In the 2008 season, started 16 games for the sixth time in his career. After being named to the Patriots 50th anniversary team in August 2009, Light started the first five games of 2009 before missing five games due to an injury. He returned in Week 12 and started the remainder of the season at left tackle. In 2010, Light started all 16 games at left tackle and was named as an injury replacement to the 2010 Pro Bowl.

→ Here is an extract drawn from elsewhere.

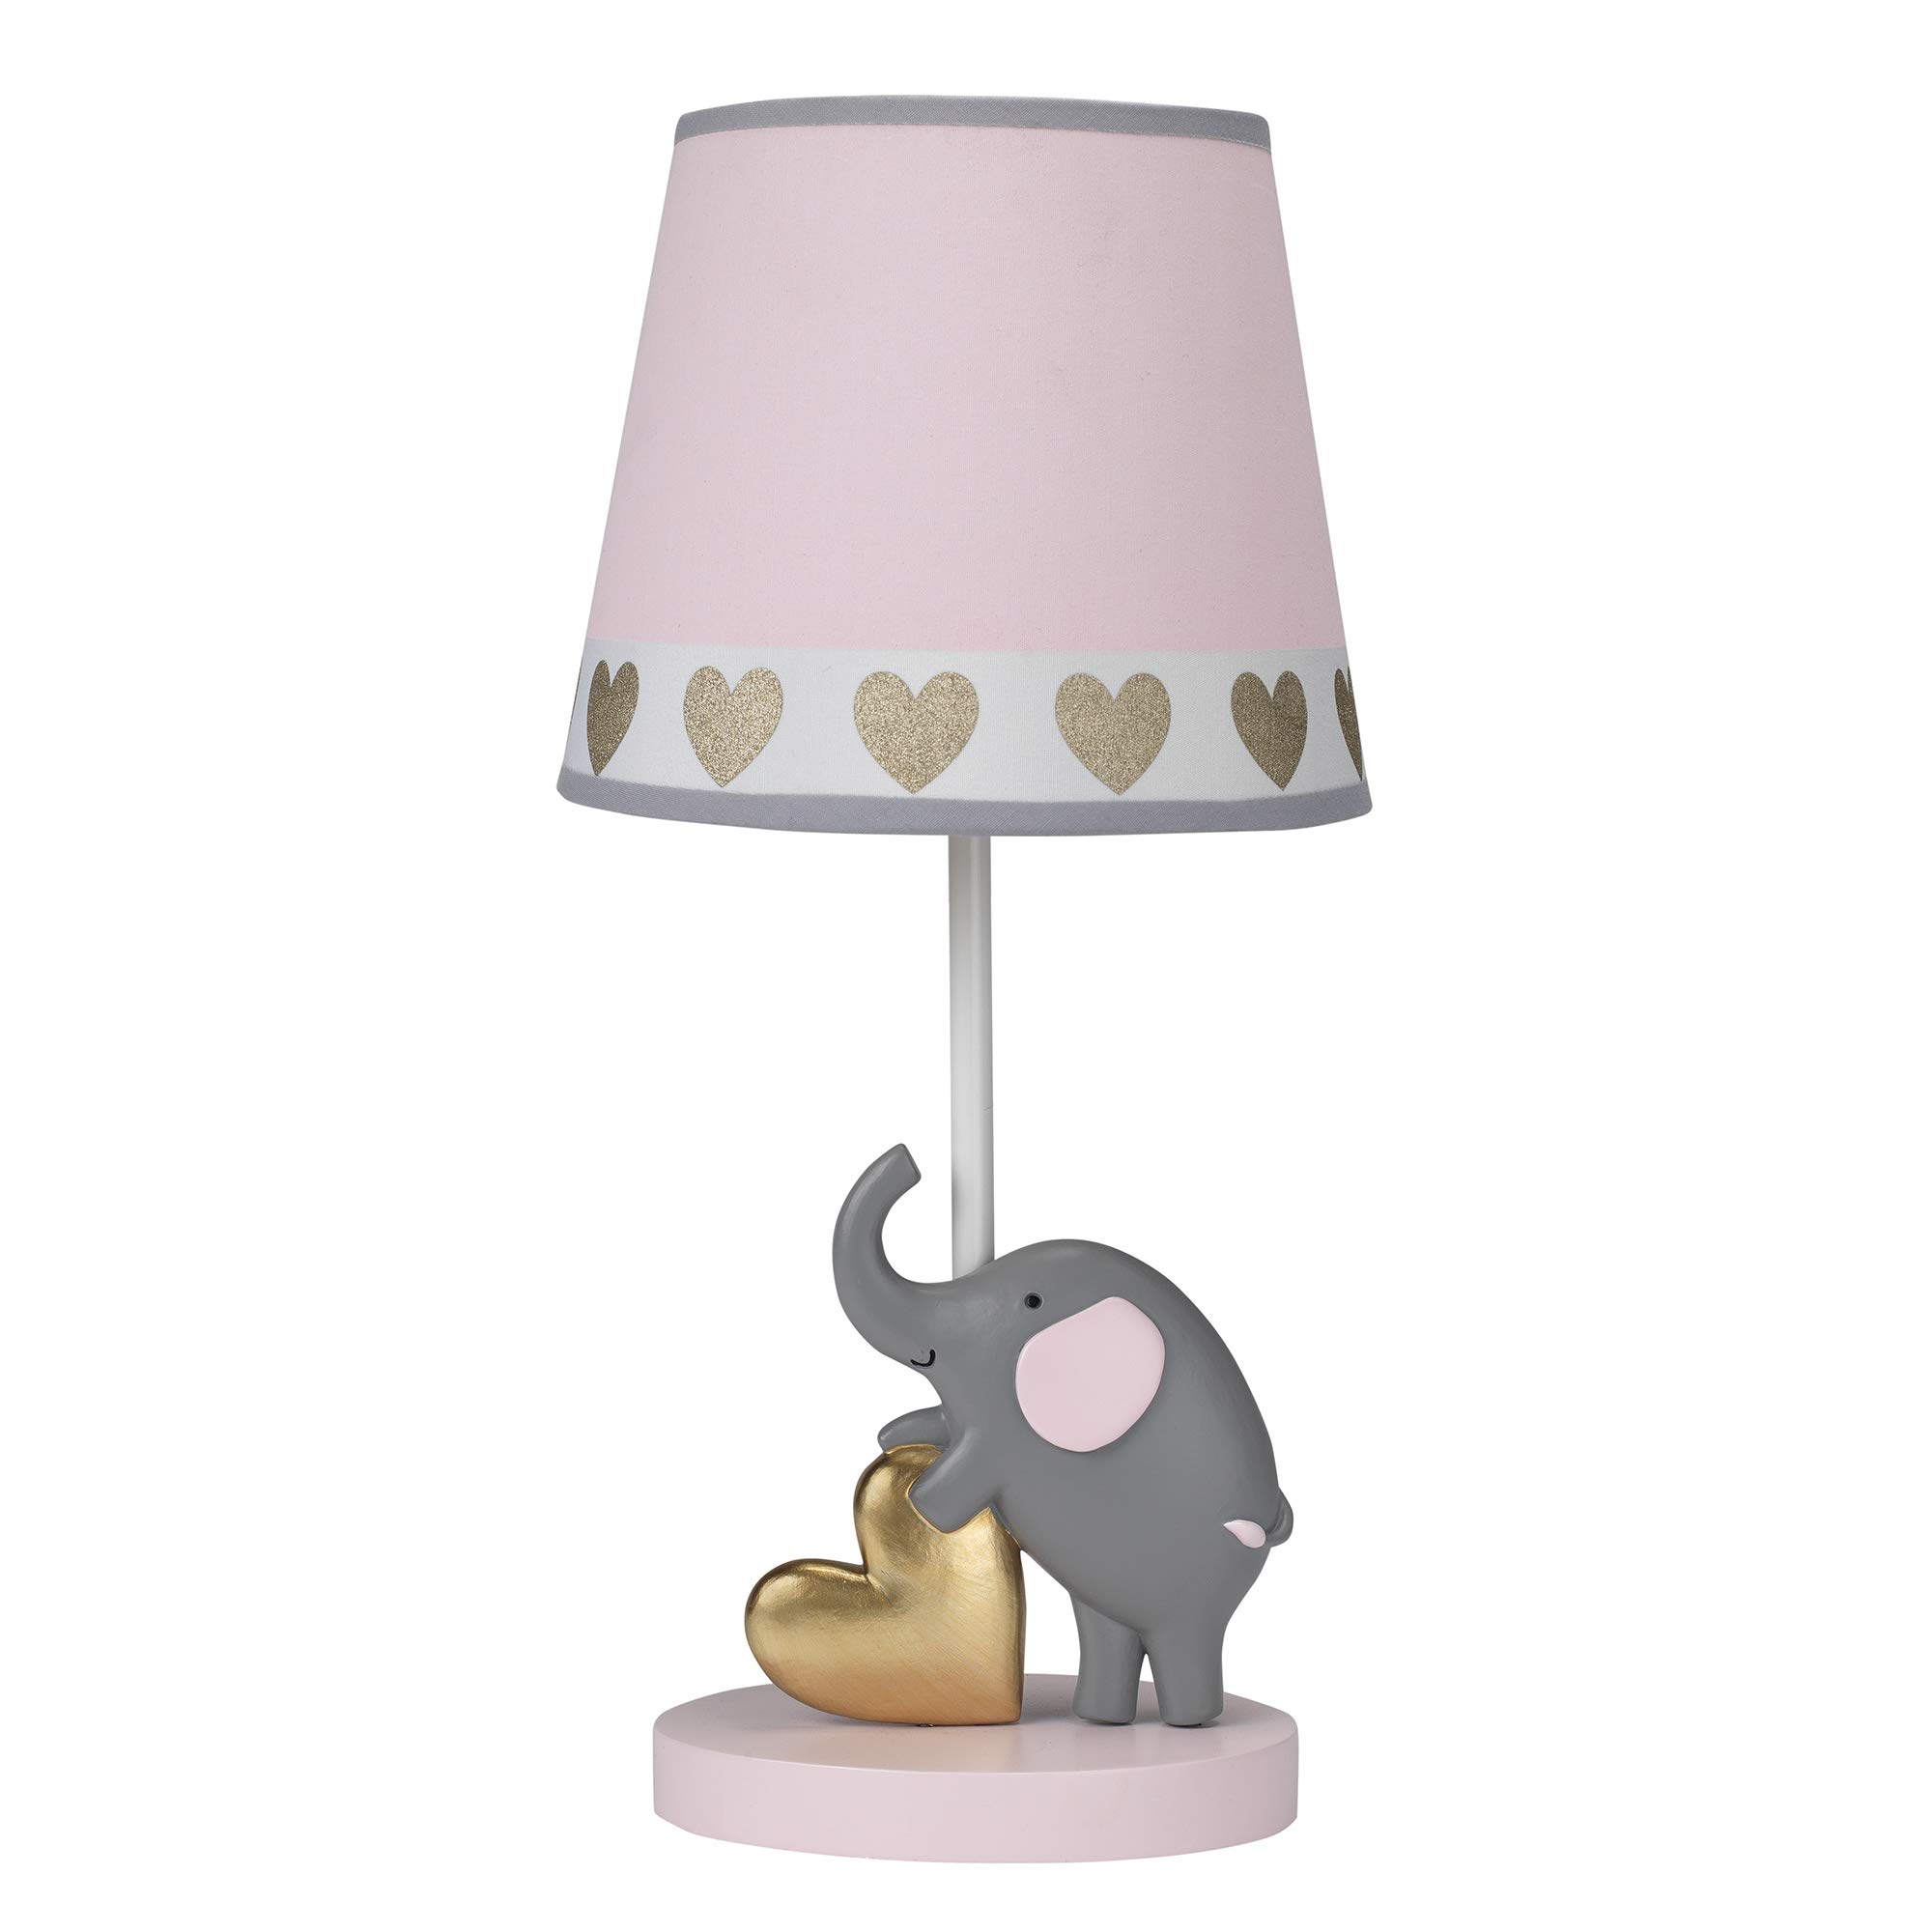 Bedtime Originals Eloise Nursery Lamp & Shade with Bulb by Bedtime Originals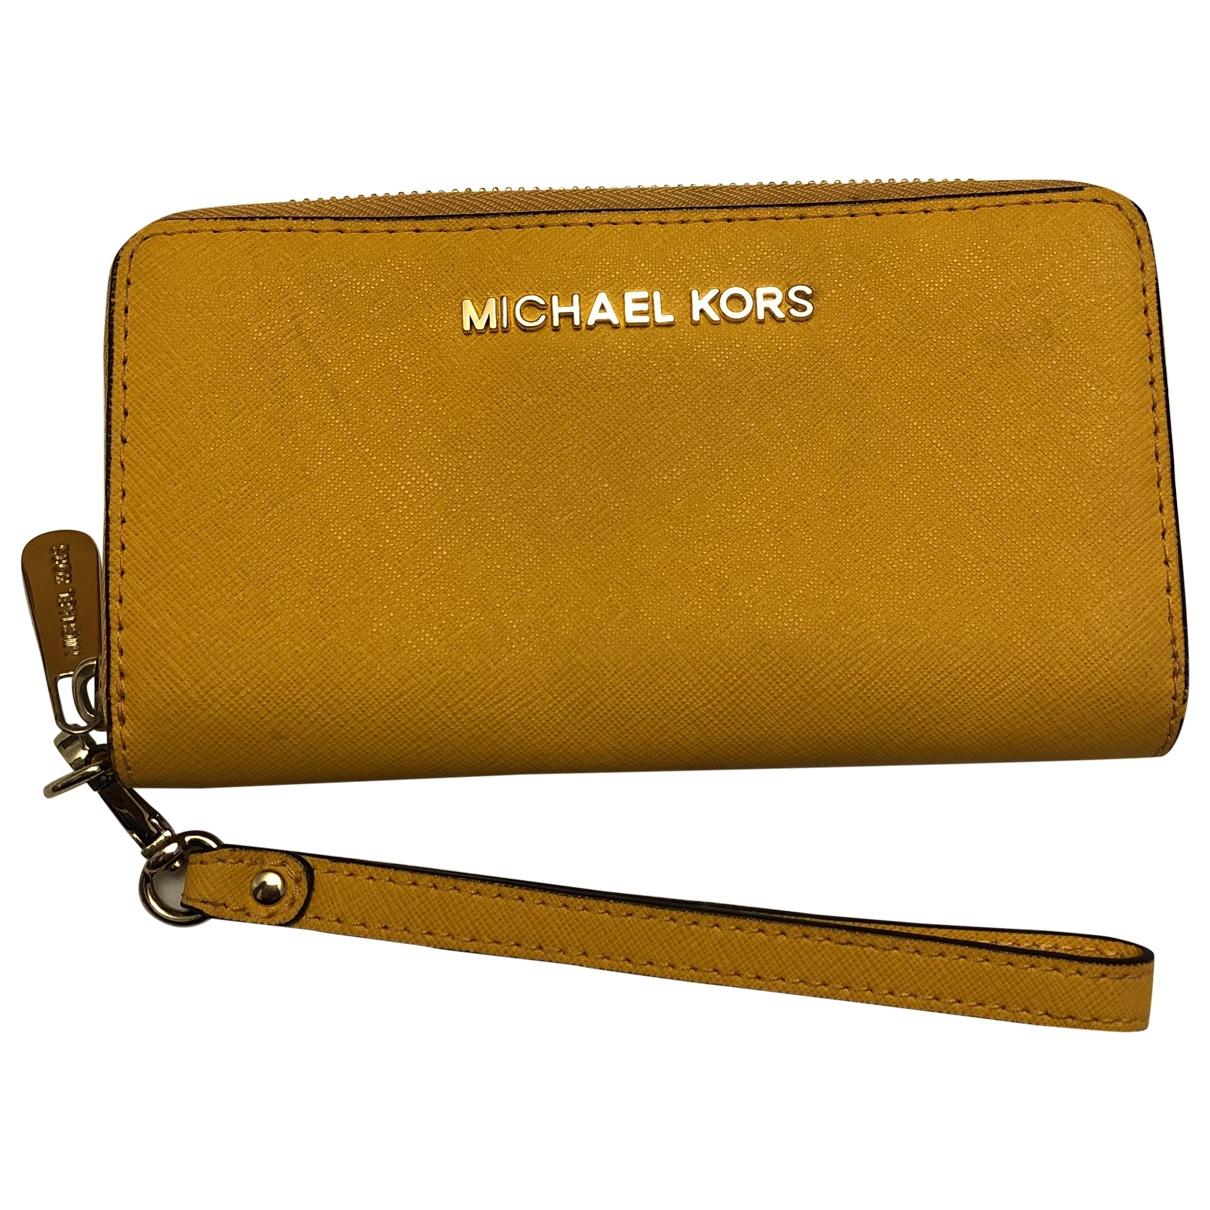 Michael Kors Jet Set Yellow Leather wallet for Women \N

On July 31, 2011, Matt Light signed a two-year contract with the New England Patriots.

At the end of the 2011 season, Light and the Patriots appeared in Super Bowl XLVI. He started in the game, but the Patriots lost to the New York Giants by a score of 21–17.

===Retirement/broadcasting career===
On May 7, 2012, he officially announced his retirement in a press conference at Gillette Stadium.

On July 19, 2012, it was announced that Light would join ESPN as an NFL analyst. He will contribute to SportsCenter, Sunday NFL Countdown, NFL Live, First Take, and NFL32.

===Political career===
On May 2, 2022, Light lost his bid for a seat on the Foxborough, MA, School Committee.

==Personal life==
Light has Crohn's disease.

Matt married his wife Susie in 2001.

Matt and Susie founded a charitable organization in 2003, called the Light Foundation.